The theory I'm working with is that its because they're all looking at the web
as a series of web pages, instead of discrete objects or data.

So like a search for "2 bedroom apartment in new york with a doorman"
awkwardly brings me results of web pages (that are SEO-ed to the hilt :).
Instead, don't I just want a series of apartments that match my criteria?

And couldn't that data be fed from those offering this structured data in the
first place such as Roomorama.com (the site I've been working on), or Airbnb
or others?

Thanks for the reply :)

------
sandroyong
I believe there is.

Let’s examine what we have so far. When you search for 'apple' in the library,
where do you go? In truth, without indexing or the help of the librarian, you
go roving through the library and gather all material related to or with the
words ‘apple’ and ‘display’ your results. Google uses algorithms to do just
that - and according to the materials’ the relevance and/or ‘hits’, it will be
listed as such. And, when advertisers pay$ for their ads to be listed first -
these listings will show up in the uppermost sections of the first page - if
someone paid me at the library to look for certain material and display them
first, I would too. Alas, this is the nature of things and we as end-users
often have to muddle through the endless list of ‘stuff’ to find what were
searching for.

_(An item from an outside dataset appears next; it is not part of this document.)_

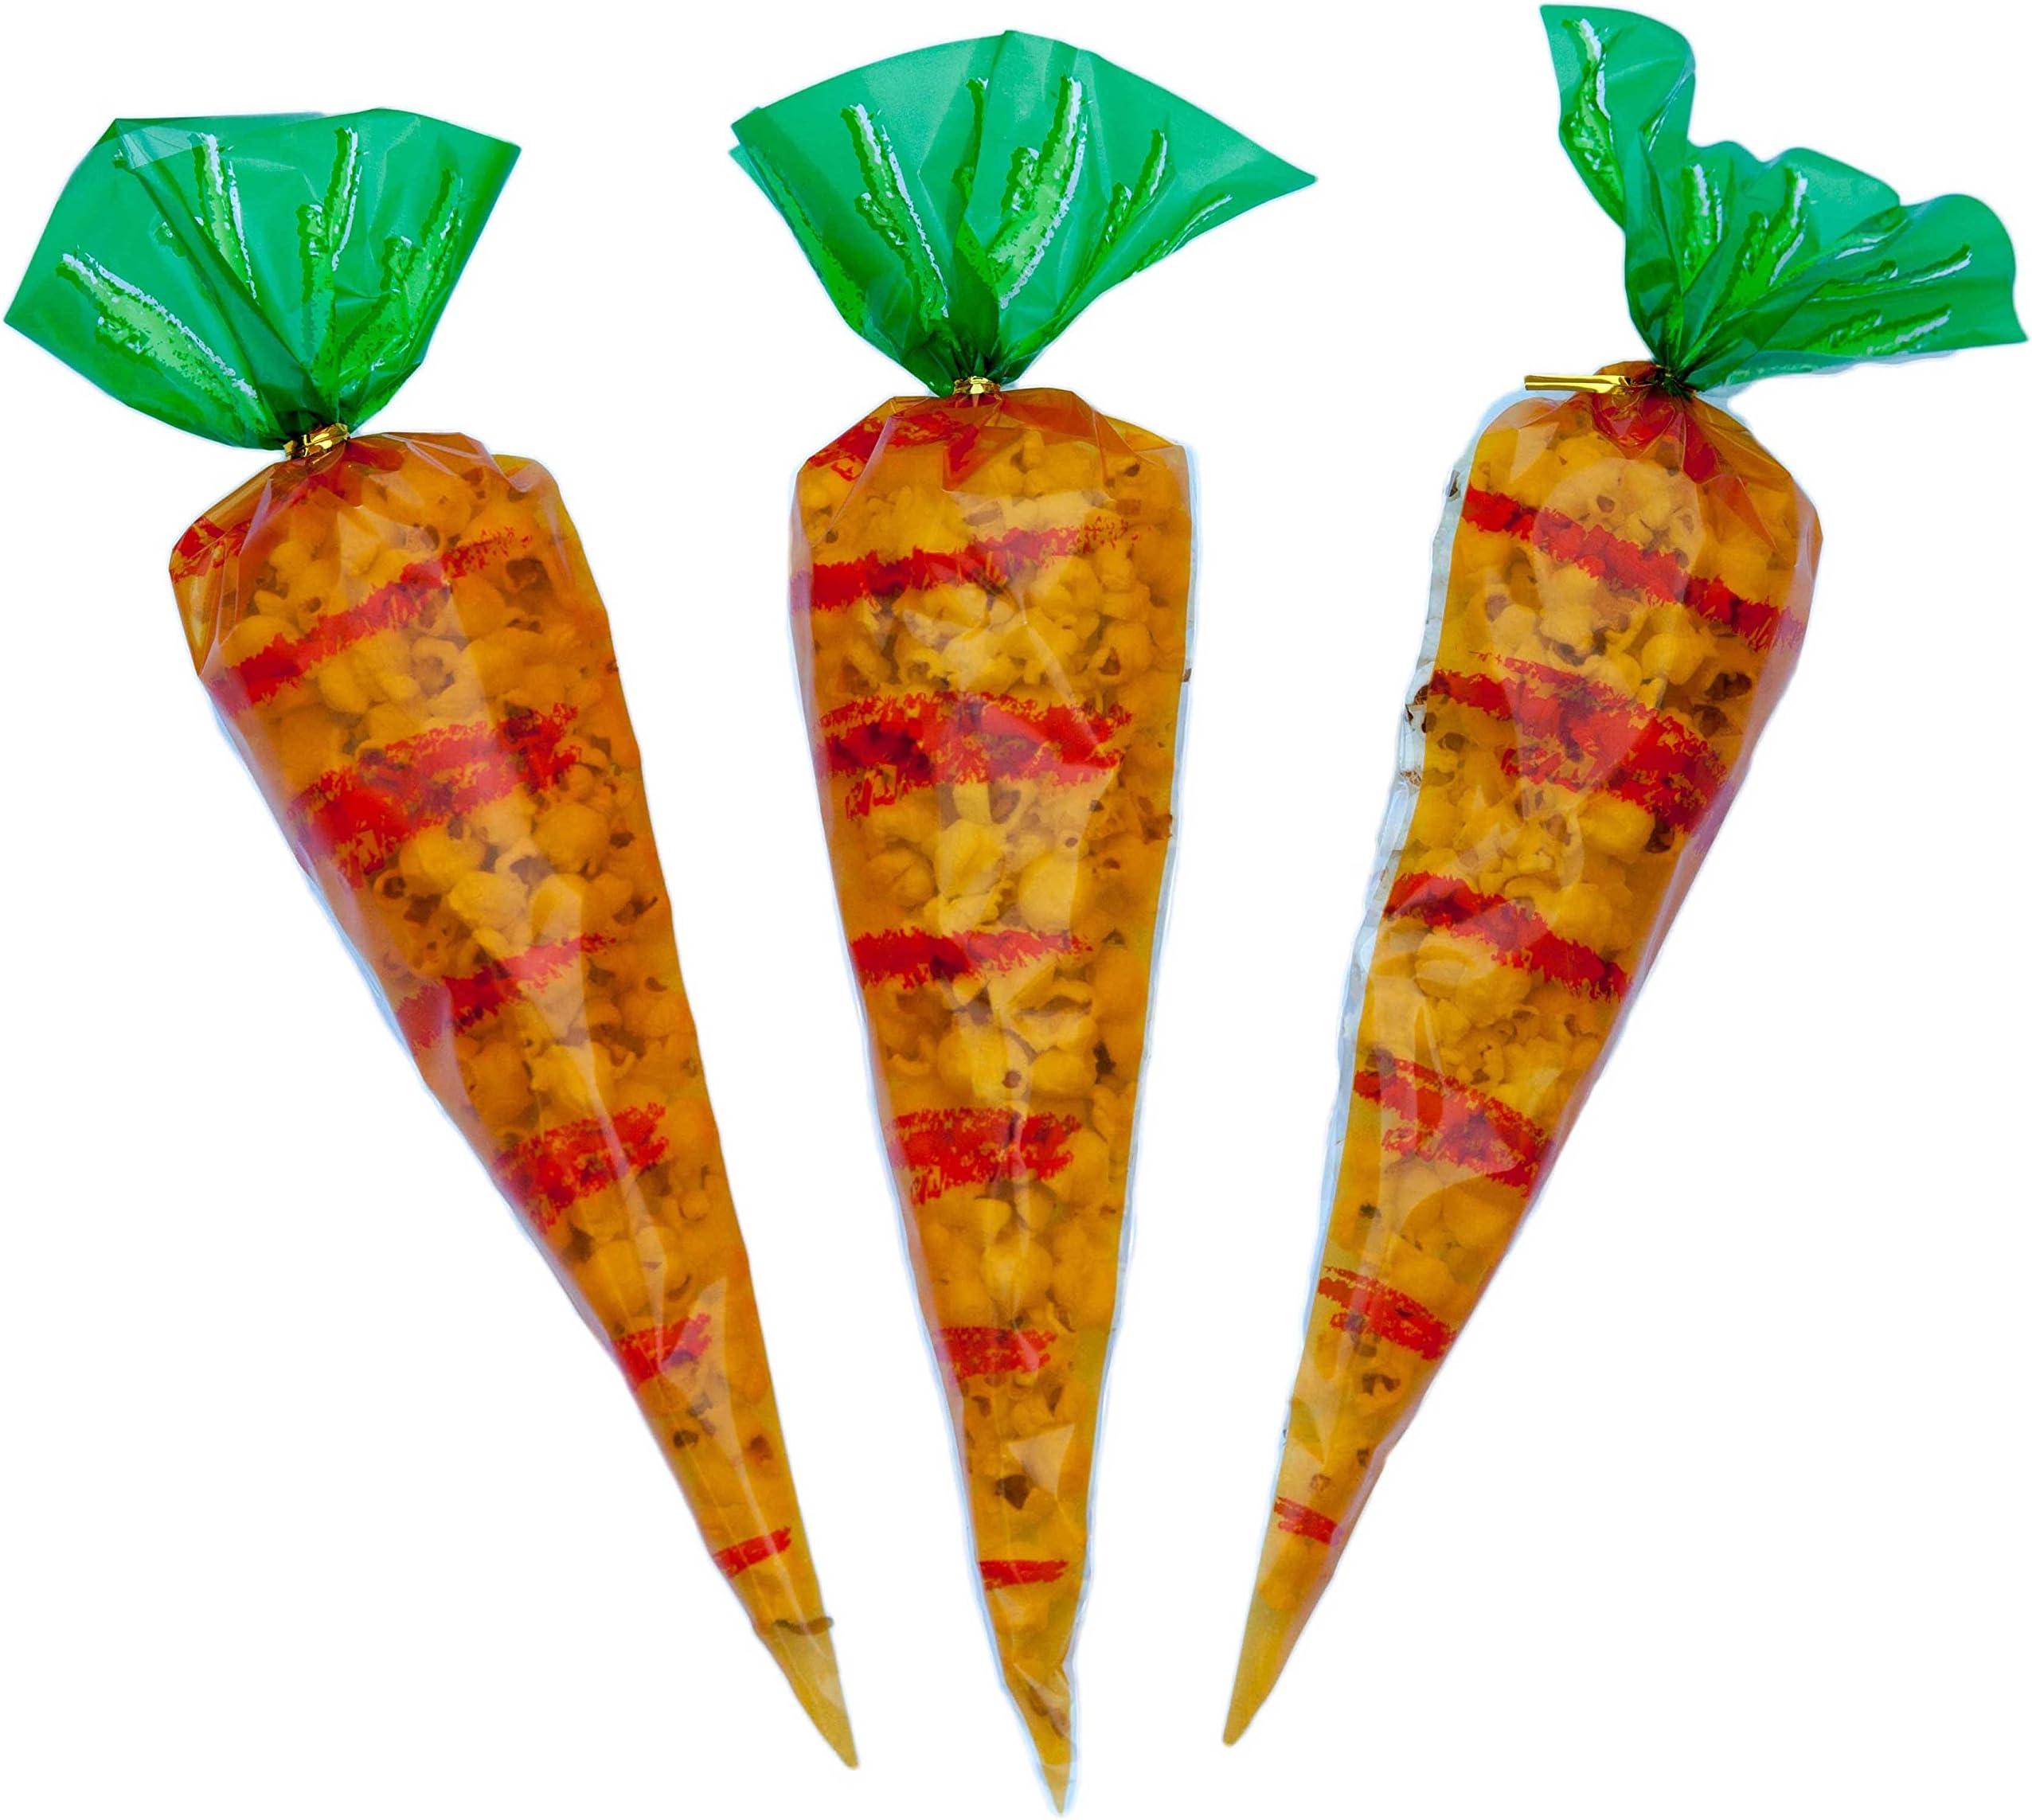 PUL Lined Bag Sugar City Collection Purple Carrots Carrots Orange Carrots Flat Bottom Pouch w PUL Carrot Bag

Yes, yes, we could narrow our search and type 'apple, fruit'
and get more or less what we wanted but there is still ad ‘stuff’ that we had
to dredge through.

My point is that it would be nice to have and indexing of stuff or a
‘librarian’ to go to to be able to help us narrow our search parameters.
Suppose the network infrastructure ‘knew’ exactly where ‘stuff’ is - it’s more
akin to you finding stuff in your room or house - if things are cluttered, you
will be using algorithms to search through all that stuff; but if things were
organized (since you organized it and put it there, and putting the algorithms
back in your pocket), you wouldn’t have trouble finding it. Technically, this
would mean that the information would be stored locally by each of the end-
users on the network, and because it’s stored by end-users, the network
'publishes it' and knows where to 'look'. Just my thoughts...

------
Pheter
Yes. My ideal search engine would return answers rather than a list of links
to answers.

Brain dump of ideas follows:

Search for: "Best cheesecake recipe?" Result: Ingredients, step-by-step guide,
perhaps a video too.

The search engine would adapt to my knowledge and, if I do not know much about
baking, and/or cheesecakes, it would inform me that cheesecake's can be
broadly categorised as baked or unbaked. It would recommend the recipe for one
type to me based on which is easier for a beginner to bake, but with the
option of overriding the default.

Search for: "Best steak"

Now this is a little ambiguous, so I would be prompted for further information
such as "price range, distance, the time that I would like to eat at".

Result: x restaurant, which is y distance from you, serves the best steak at z
pounds.

If applicable the search engine would inform me that if I am willing to travel
half a mile further then I am able to get an even better steak for half the
price!

It would also be great if I could make a reservation from the same page
displaying the results.

\----------

Now I realise that the above is pretty much impossible for a variety of
reasons, but I would love to be able to pay for something like this.

------
ActVen
Yes. I don't have many specific complaints with Google Search. However, as
companies get larger they often look "upward" at upper management and
investors instead of looking "downward" at their customers. What I mean by
this is they are often more concerned with pleasing their bosses, meeting
revenue goals for investors, and generally not rocking the boat. This presents
a great opportunity for small companies to disrupt the market.

You should definitely read "Seeing What's Next" by Clayton Christensen to get
a better idea of where the weaknesses can be found in companies that dominate
the market. A focus on semantic search certainly sounds like it could be a
good area for a new entrant to gain some ground. Good luck!

------
md1515
There is always room for a new search engine. I think Paul Graham wrote an
article that questioned "do you think 100 years from now we'll be using the
same search engine? I don't even think Google believes that".

There is a lot of room for innovation - there always is. Also, a lot of niche
search engines are popping up. I briefly perused TC this morning and saw an
engine focusing on family heritage...

------
dewiz
you are talking about semantic search. it's a whole """new""" world, which
requires different things to be in place. G+ and FB are walking on that path,
linking different things to eventually offer a smart search engine. not to
mention lifelogging which is part of all of this, since people needs to put a
meaning on their stuff, differently from blog posts where there is too much
information without clear structure.